Pause dominicale
Calme plat sur la marina de la Vela Latina où sont amarrés les 79 Minis qui se préparent pour la deuxième étape qui s’élancera mercredi prochain. A trois jours de l’échéance, le temps est comme suspendu, la plupart des bateaux sont fermés, bien rangés et les coureurs profitent de ce dimanche pour déconnecter une dernière fois.
Il fallait être opiniâtre pour dénicher quelques Ministes sur les pontons de la Mini-Transat La Boulangère à las Palmas, ce dimanche. Bien sûr, on pouvait y croiser quelques irréductibles qui dorment à bord de leur bateau tels Erwan le Mené ou Dorel Nacou, deux ou trois olibrius jouant les pieds-nickelés en prévision de leur prochain sketch vidéo soit Stan Thuret, Martin Callebaut et Valentin Gautier, et la petite communauté des coureurs germaniques sollicités par une chaîne de télévision allemande venue faire un reportage sur ces skippers d’outre-Rhin. Seuls quelques acharnés s’obstinait à travailler le jour du seigneur, à l’instar de Pierre Chedeville en plein carénage ou Simon Koster venu contrôler que tout fonctionnait bien à bord de son prototype après qu’il ait dû effectuer une réparation impliquant de déquiller son bateau.
A trois jours du départ, les skippers sont prêts.
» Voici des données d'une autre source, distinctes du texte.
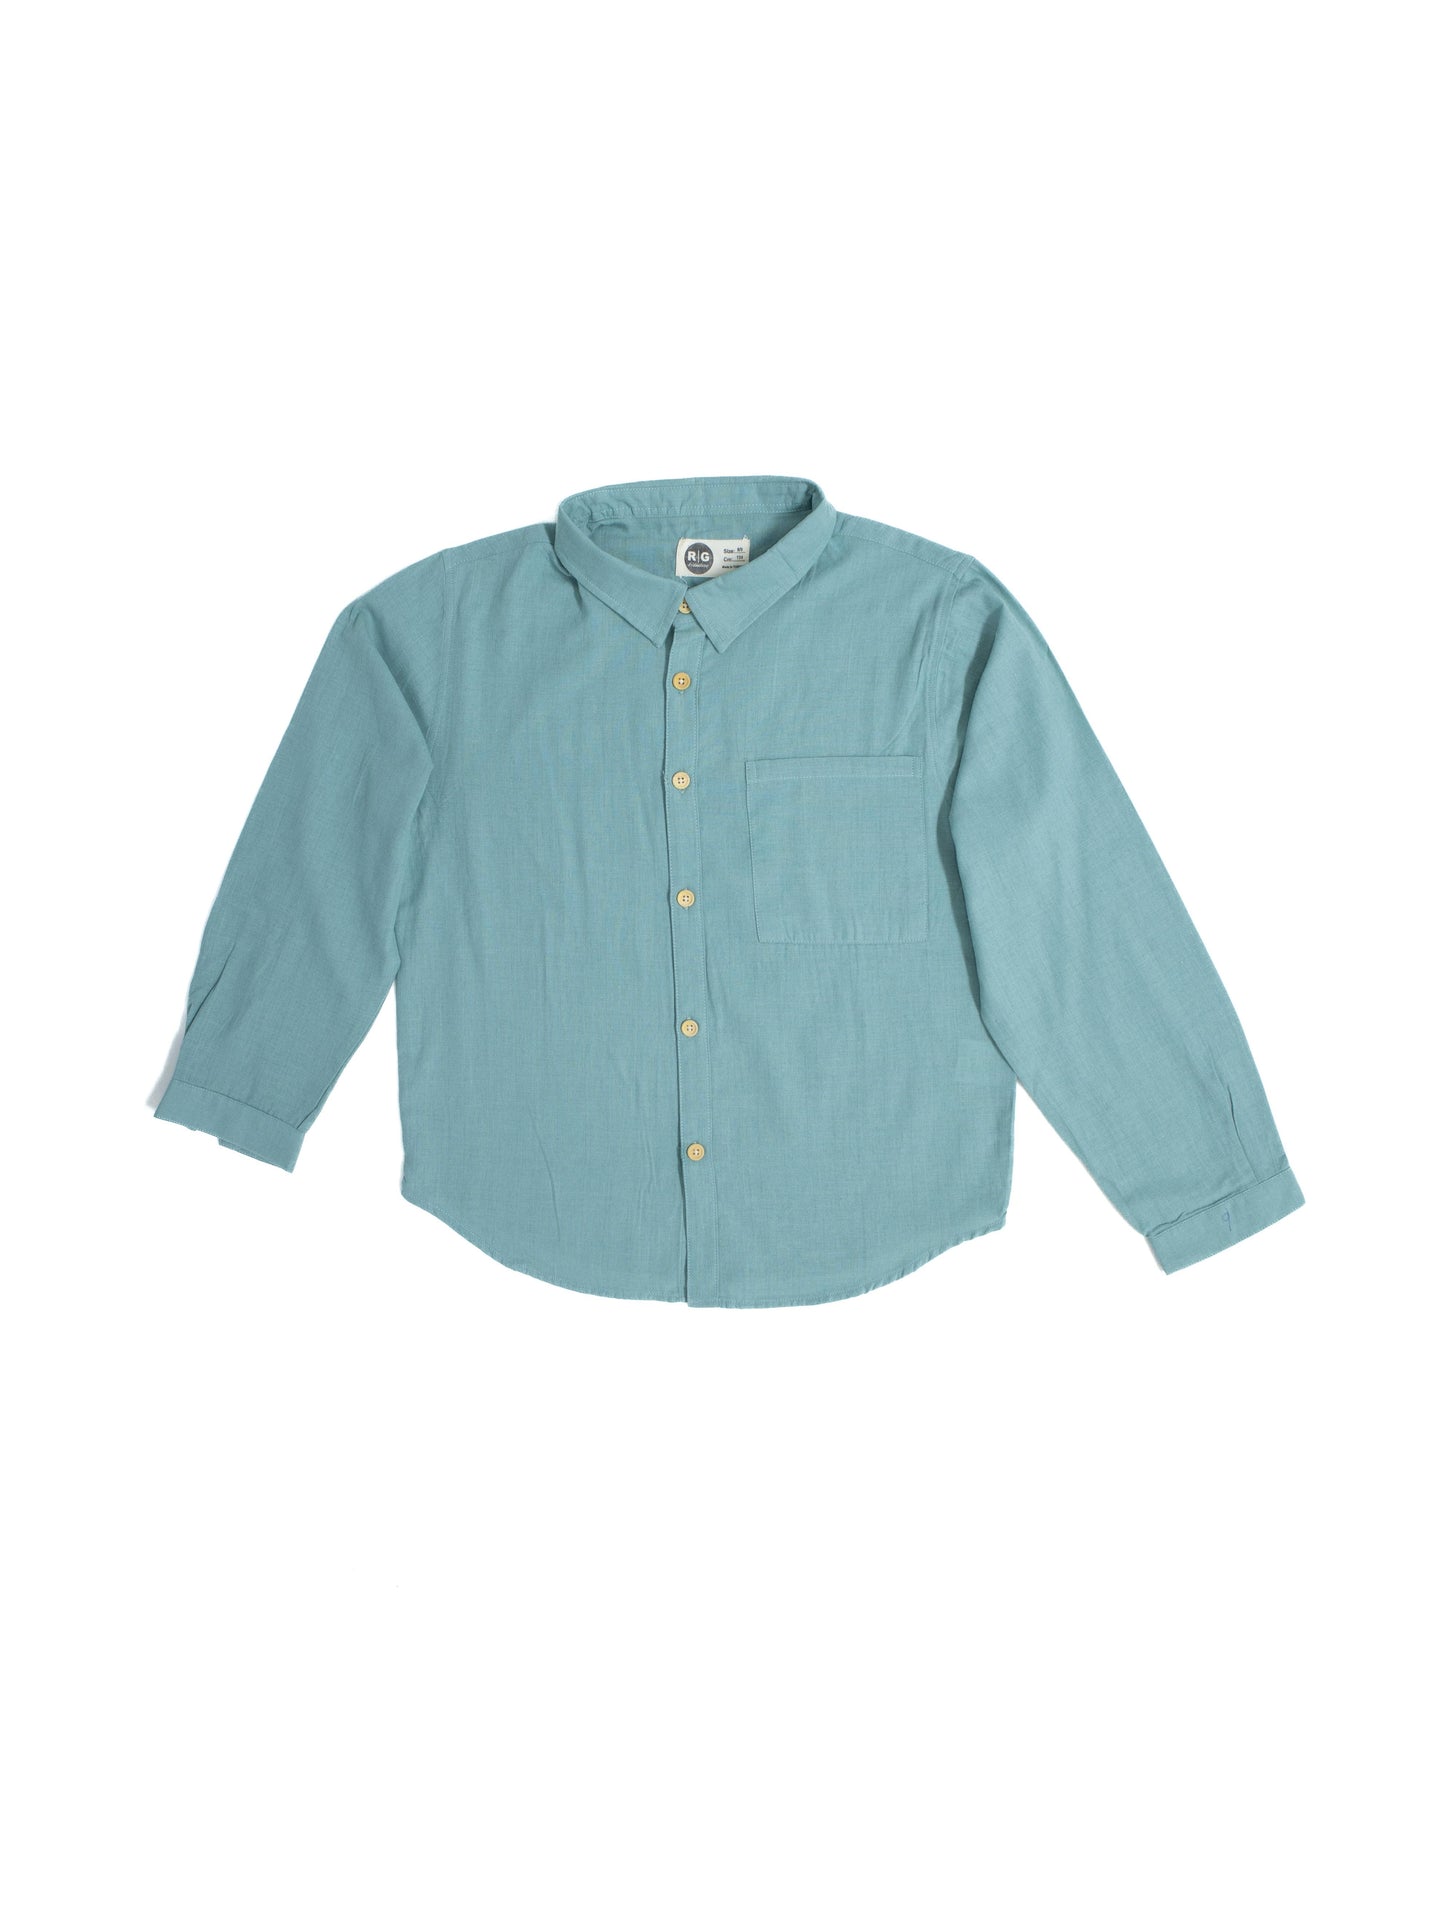 Children's 100% Linen Anti-Sweat Long Sleeve Shirt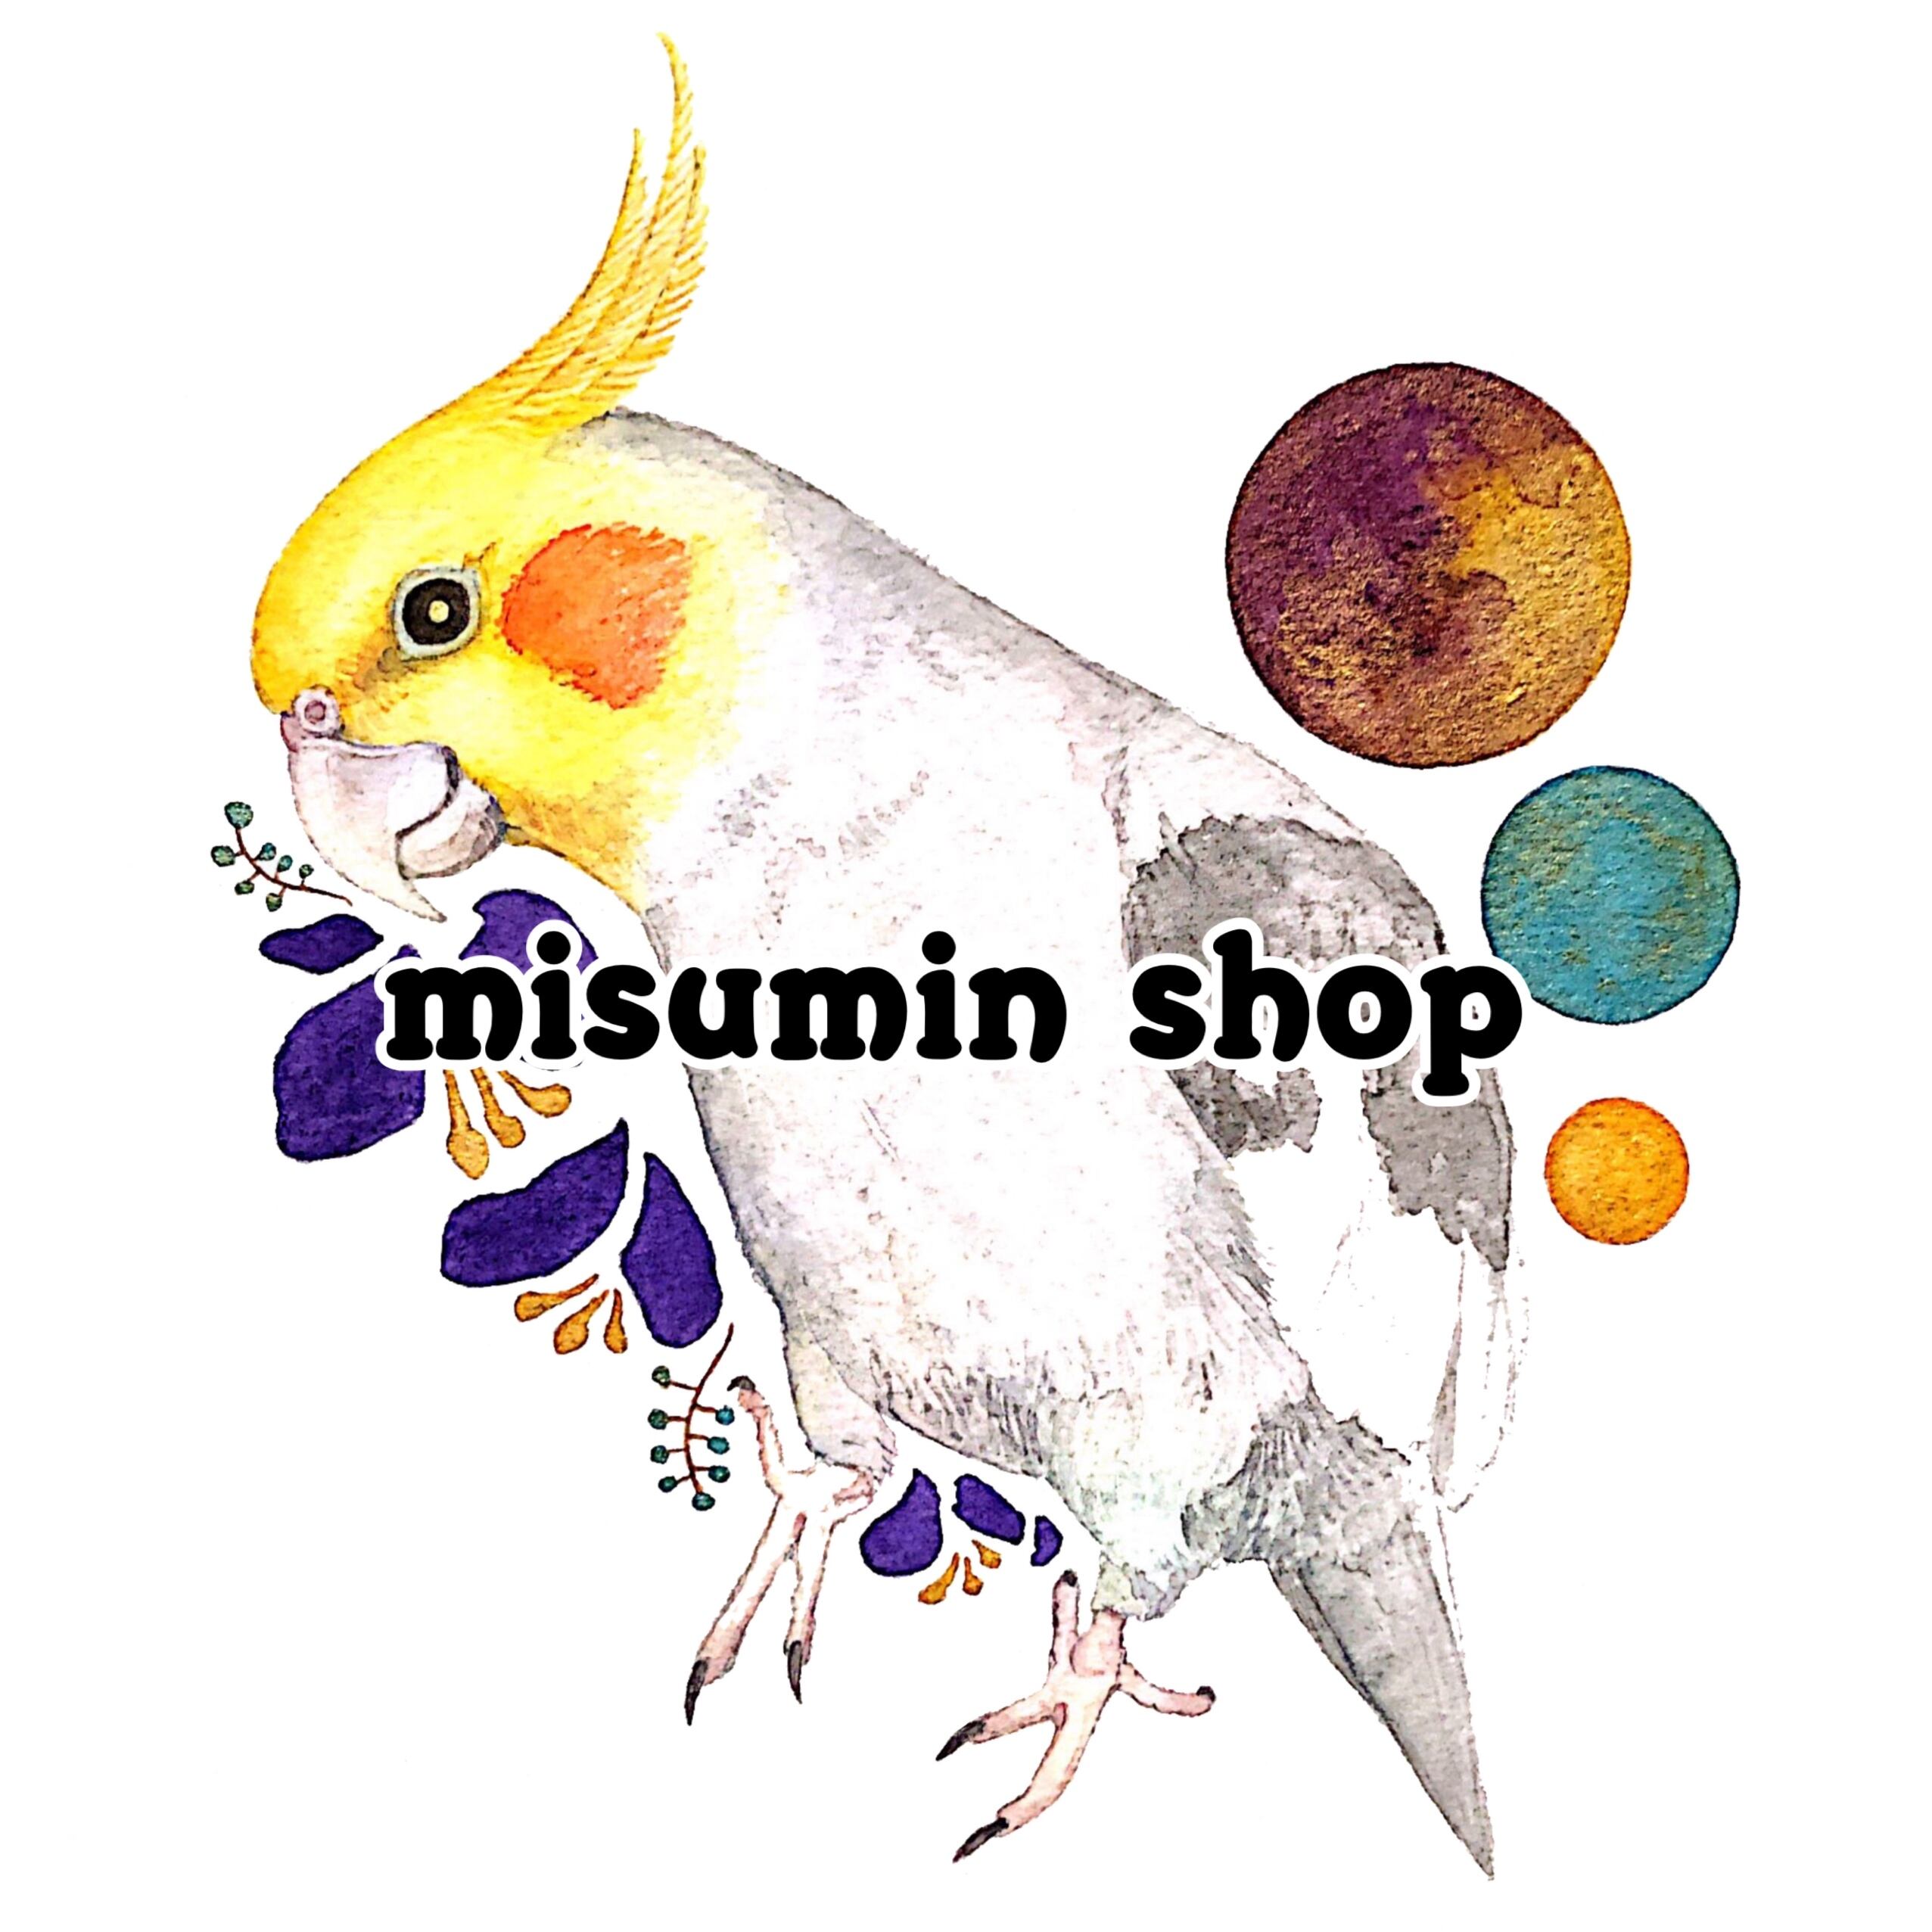 misumin shop

Les deux semaines et plus passées aux Canaries ont permis aux uns comme aux autres de se pencher sur les derniers détails, de rectifier les points de dysfonctionnement, bref ! de se sentir paré pour le grand saut, celui qui n’autorise pas la moindre défaillance. Seule inconnue : les conditions météorologiques particulièrement clémentes de la première étape n’ont peut-être pas permis à tous de tester le matériel dans des conditions critiques. Mais de toutes les façons, il est maintenant trop tard pour reculer. Et c’est aussi pour ce grand frisson qu’ils sont venus.